Bessel was very interested in effects that can impact on acurate measurements, and studied precession, nutation, aberration and refraction. His results are summarized in the "Tabulae Regiomontanae reductionum observationum" (Königsberg Tables for reducing observations) of 1830; this work also contains the positions of Maskeleyne's 36 "fundamental stars" and Polaris from 1750 to 1850. Moreover, in 1821, he discovered the "Personal Equation," the effect of the observer's personality and circumstances on astrometrical measurements, and suspected variations of the obliquity of the ecliptic.

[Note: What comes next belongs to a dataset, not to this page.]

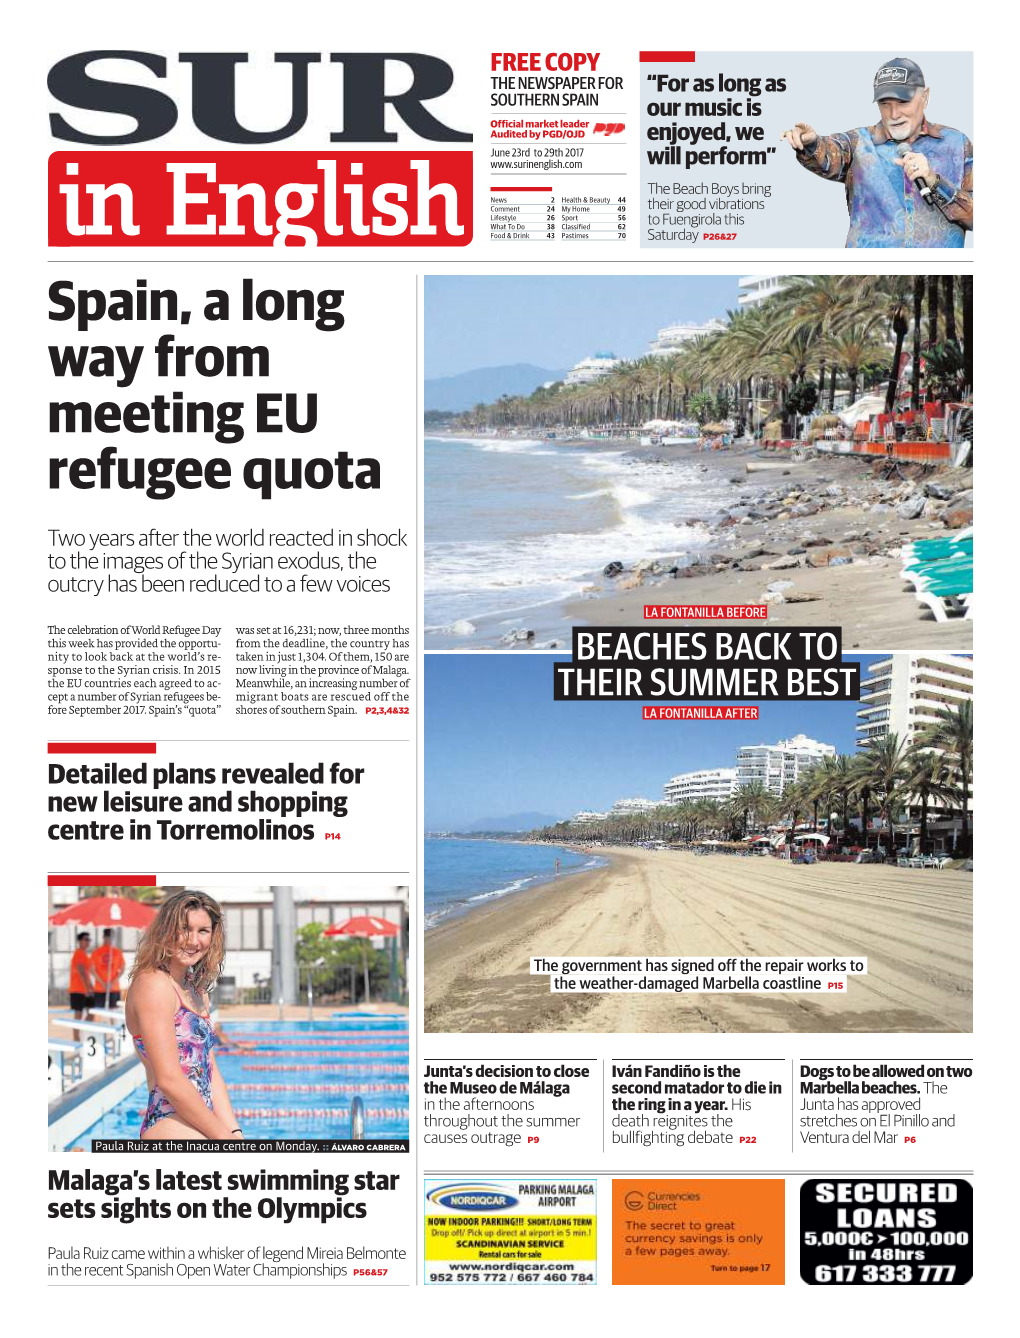 Spain, a Long Way from Meeting EU Refugee Quota

He also was concerned on the quality of his instruments, and effects of instrumental errors on observations, which he thought could be eliminated by expended data reduction. Engelmann counts 23 articles on his investigations of astronomical instruments for angular measurements.
Bessel's first contribution to astronomy had been on comet Halley's 1607 aparation, and he always stayed interested in comets, both by observing and by calculating their orbits; for this purpose, he improved the orbit calculation methods. Following the return of Comet Halley in 1835, which he had occasion to observe, Bessel developed the "Physical Theory of Comets," published 1836, stating that comets are mainly consisted of volatile matter. In 1839, he proposed methods to calculate meteoroid orbits from meteor observations.

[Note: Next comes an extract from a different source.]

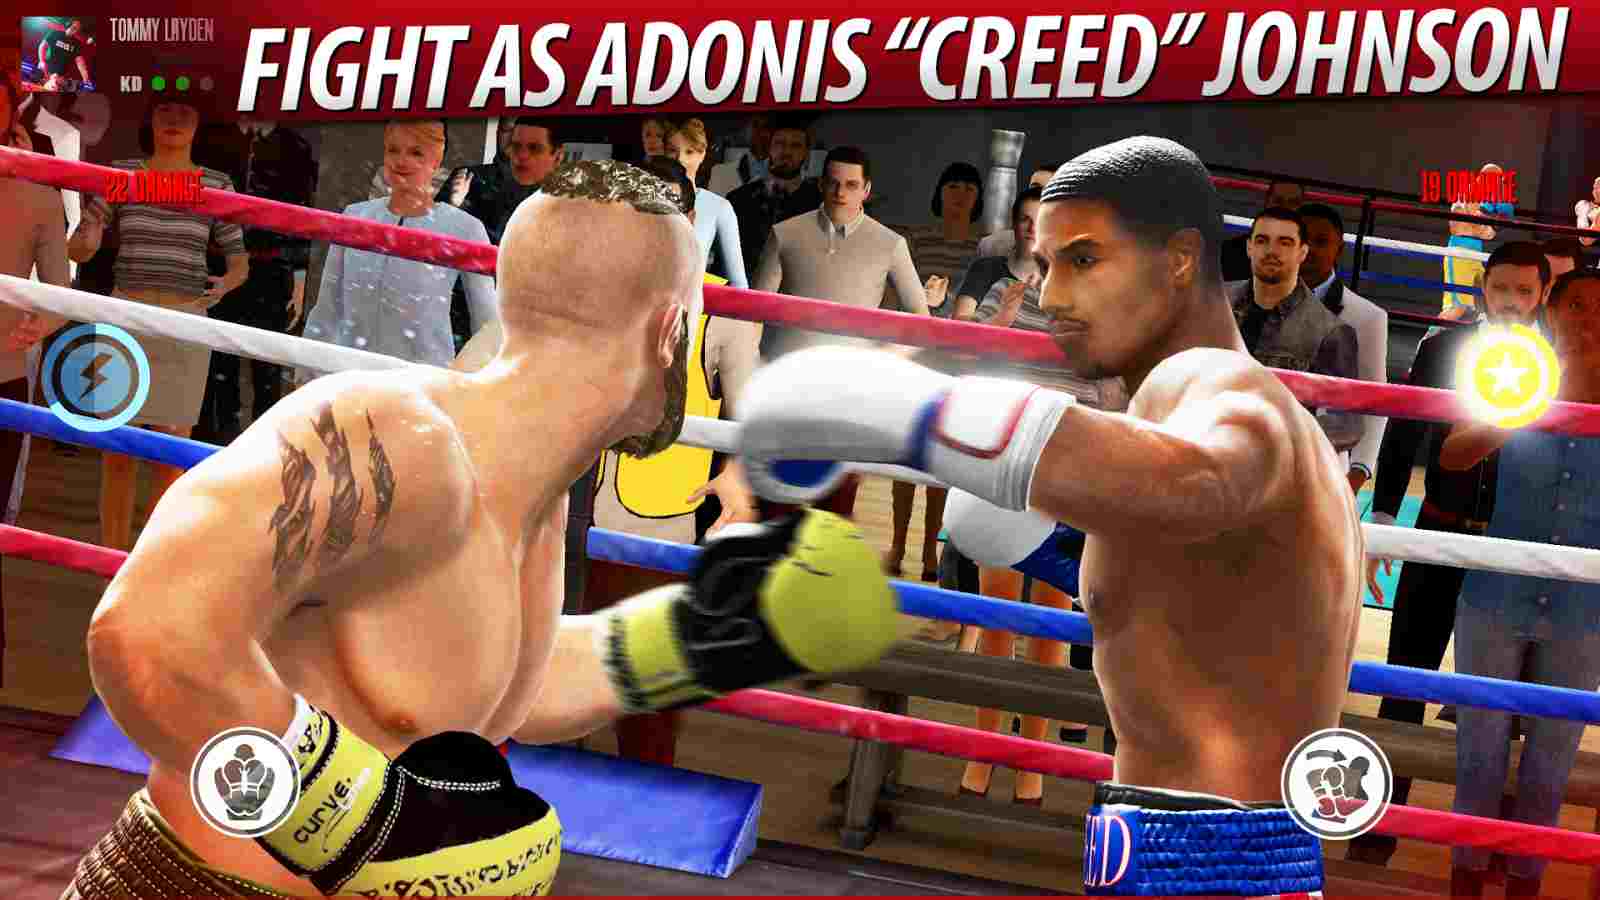 Real Boxing 2 ROCKY screenshot 3

His continued interest in planetary astronomy caused him to observe the orbits of the satellites of Jupiter and in particular, Saturn's moon Titan, with the Fraunhofer heliometer, resulting in acurate determinations of the masses of planets Jupiter and Saturn. In 1837, he investigated the disturbation theory of Uranus, and supported the hypothesis of a further planet. That planet was finally found in the year of Bessel's death, 1846, and named Neptune.
Bessel was the first to measure and publish a parallax, and calculate the distance to a star, double star 61 Cygni, from observations during 18 months in 1837 and 1838. Bessel's parallax value of 0.314", corresponding to a distance of 3.18 parsec or 10.4 light years, is very close to the modern value of 0.292", corresponding to 3.42 pc (11.2 ly). He had selected 61 Cygni because it had the largest known proper motion. Concerned ybout the acuracy of his parallax, Bessel re-determined the parallax of 61 Cyg in 1840, together with Heinrich Schlüter, yielding a somewhat less acurate value of 0.348", corresponding to 2.87 pc (9.4 ly). Concurrently, Thomas Henderson published a parallax for Alpha Centauri in 1839, derived from 1832-33 observations at the Cape of Good Hope, and in 1840, F.W.G. Struve of Dorpat presented his (less acurate) parallax for Vega from observations in 1835-1837.
In 1841, Bessel announced that Sirius and Procyon each had an invisible (to then) companion because of variations in their proper motion. An orbit for Sirius' companion, Sirius B, was calculated ten years later, and it was eventually found by Alvan Clark in 1862, Procyon B was not discovered before 1896, by Schaeberle with the 36-inch telescope of Lick Observatory. These two remarkable stars were later revealed to be White Dwarfs.